In an unusual case, a Financial Industry Regulatory Authority Inc. arbitration panel last week ordered two investors to…

In an unusual case, a Financial Industry Regulatory Authority Inc. arbitration panel last week ordered two investors to pay brokerage firm Quincy Cass Associates Inc. and broker Jens Adolf Spitta $75,000 in legal expenses.

In its award, the panel called the investors’ claims “frivolous” and “a bad-faith abuse of the Finra arbitration process.”

The award also ordered the claimants, Karl Heinrich Vogelbach and his son, Andrew Vogelbach, to pay $6,000 of the $7,200 in forum fees.

CASE TO BE EXPUNGED

In addition, the arbitrators ordered expungement of the case from Mr. Spitta’s disciplinary record.

The firm and Mr. Spitta incurred about $110,000 in costs, the panel said.

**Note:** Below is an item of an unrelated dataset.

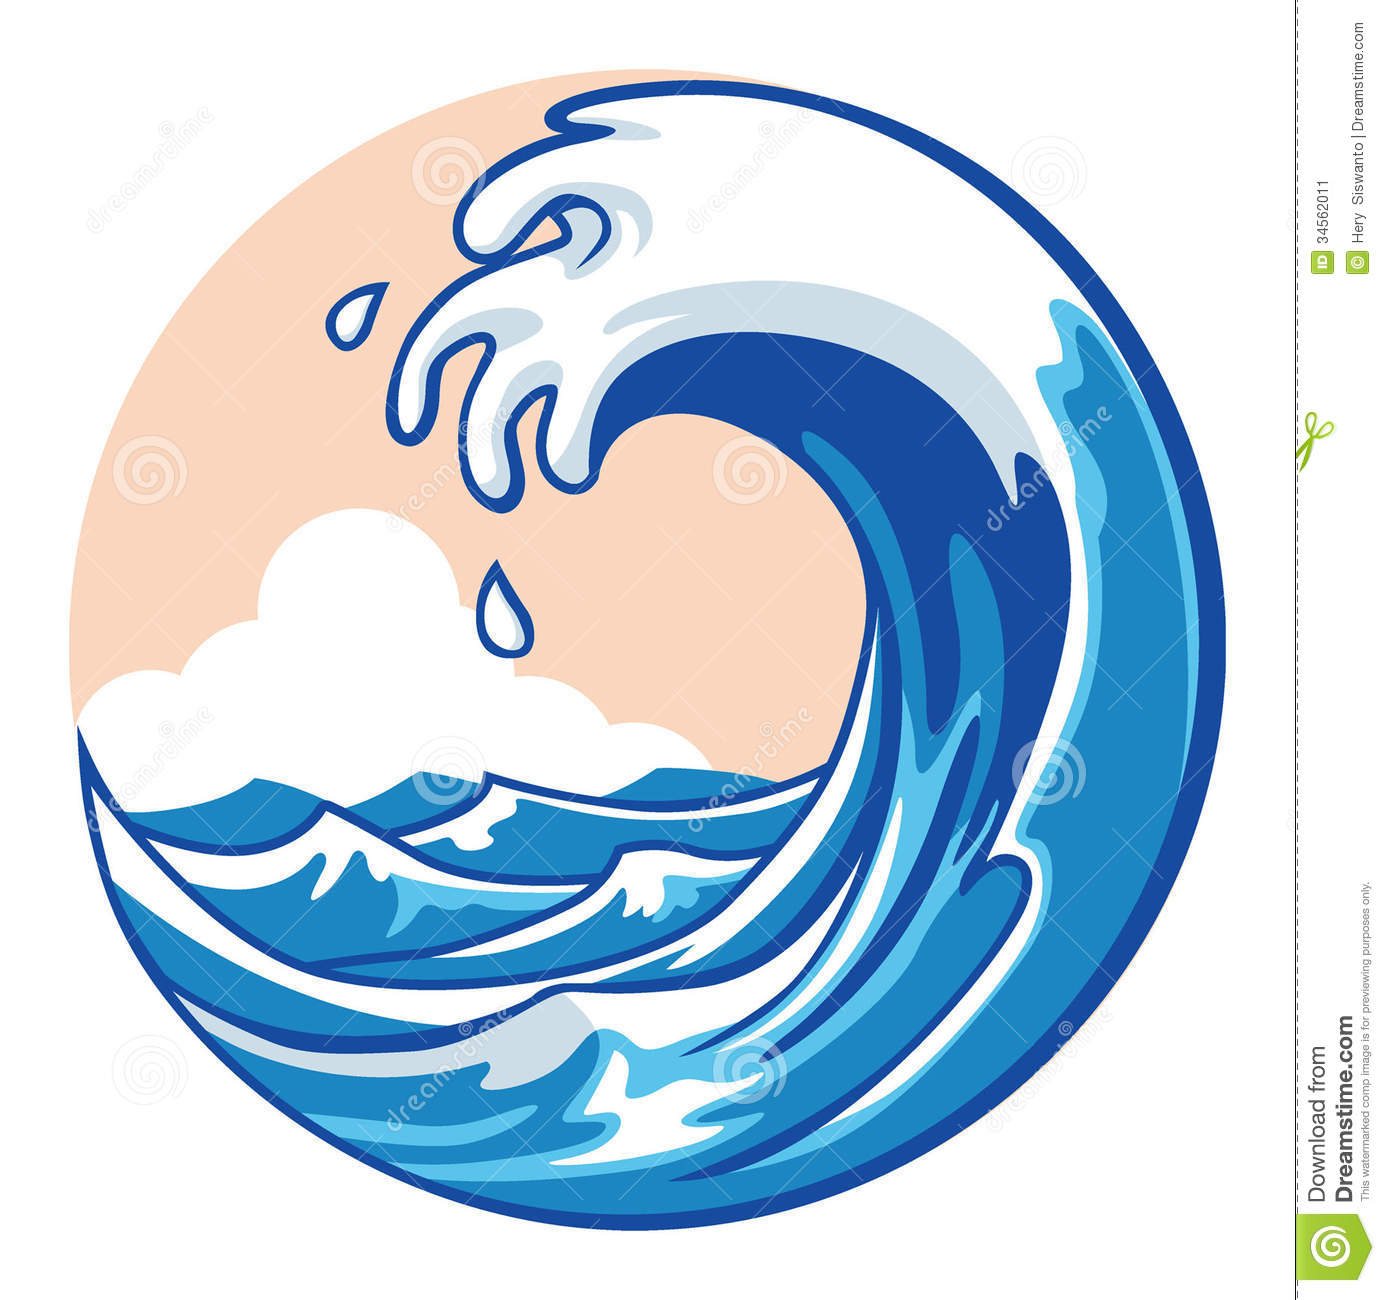 Ocean wave Stock Image

The panel said that Karl Vogelbach was “wealthy, financially sophisticated, and aggressive in his approach to investing,” and the “causes of his losses were his own independent decisions and market risks.”

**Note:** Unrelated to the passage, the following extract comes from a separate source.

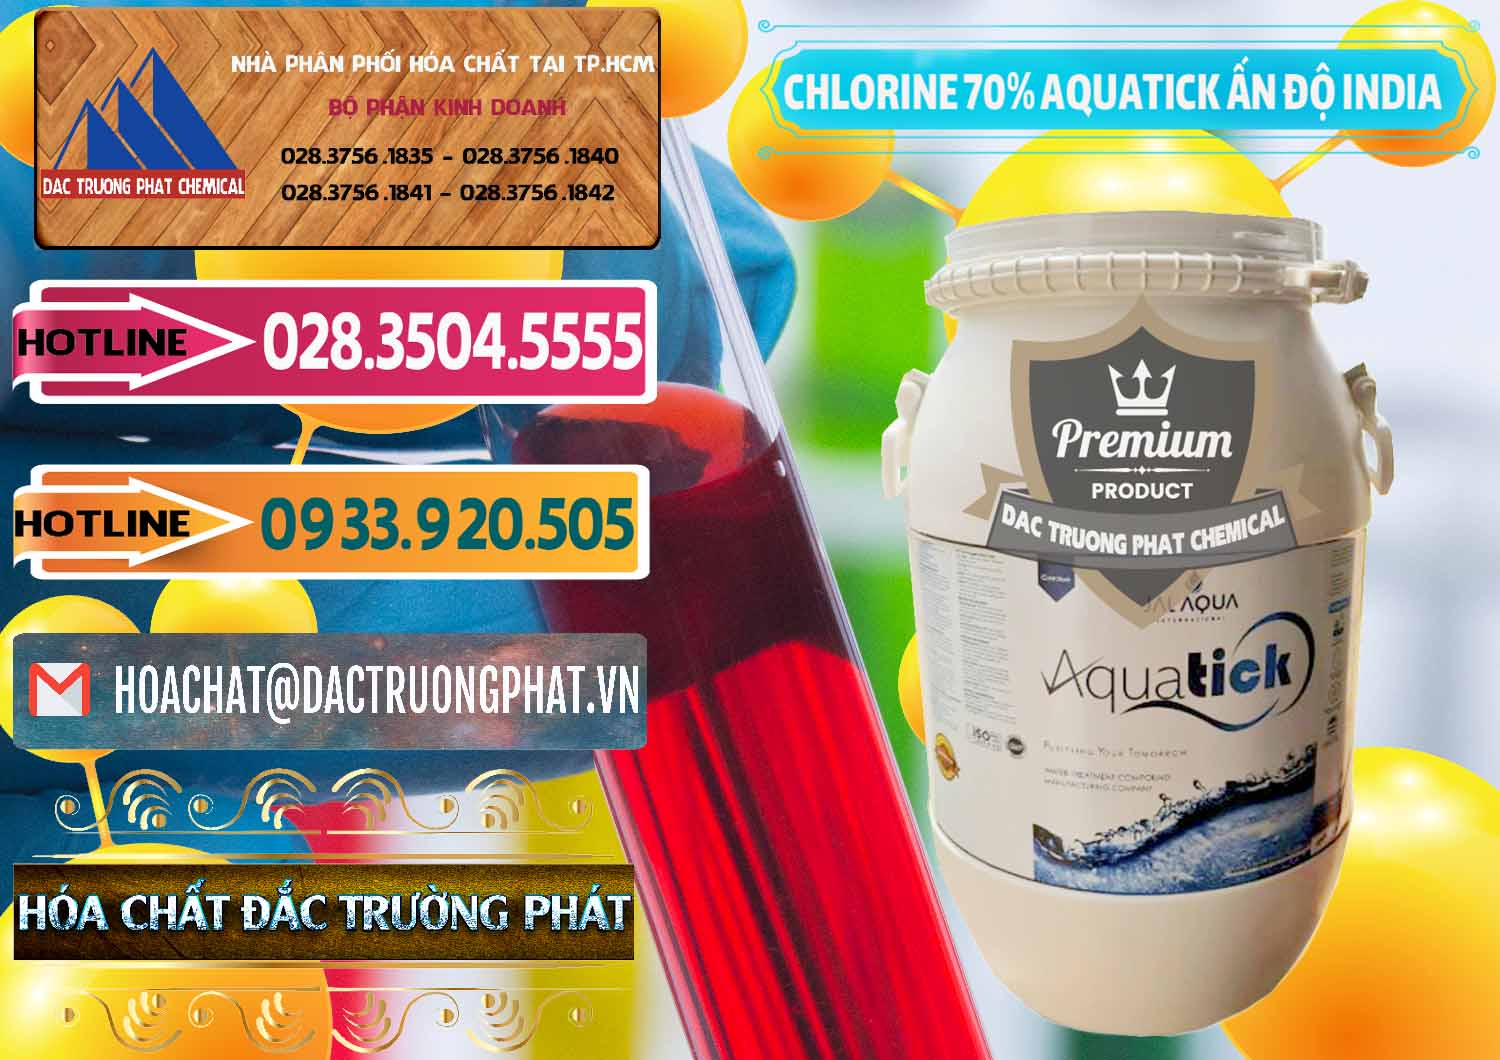 Công ty chuyên kinh doanh và bán Chlorine – Clorin 70% Aquatick Jal Aqua Ấn Độ India - 0215 - Nơi cung cấp & phân phối hóa chất tại TP.HCM - dactruongphat.vn

Regarding Andrew Vogelbach, “not a scintilla of evidence” was presented in the case to demonstrate that he had a contractual relationship with either of the respondents, the award said.

Andrew Vogelbach wasn’t a client of Mr. Spitta’s or Quincy Cass’, said Sylvia Scott, a partner at Freeman Freeman & Smiley LLP, who represented the respondents.

The case is unusual in ordering investor claimants to pay legal costs. Arbitrators usually dismiss weak cases without awarding any damages.

“I think this award sends a strong message [to claimants who] bring a demonstrably frivolous lawsuit,” Ms. Scott said.

“We disagree with the award and are looking at our options,” said the Vogelbachs’ attorney, J. Christopher Wehrle, founder of Wehrle Law LLC.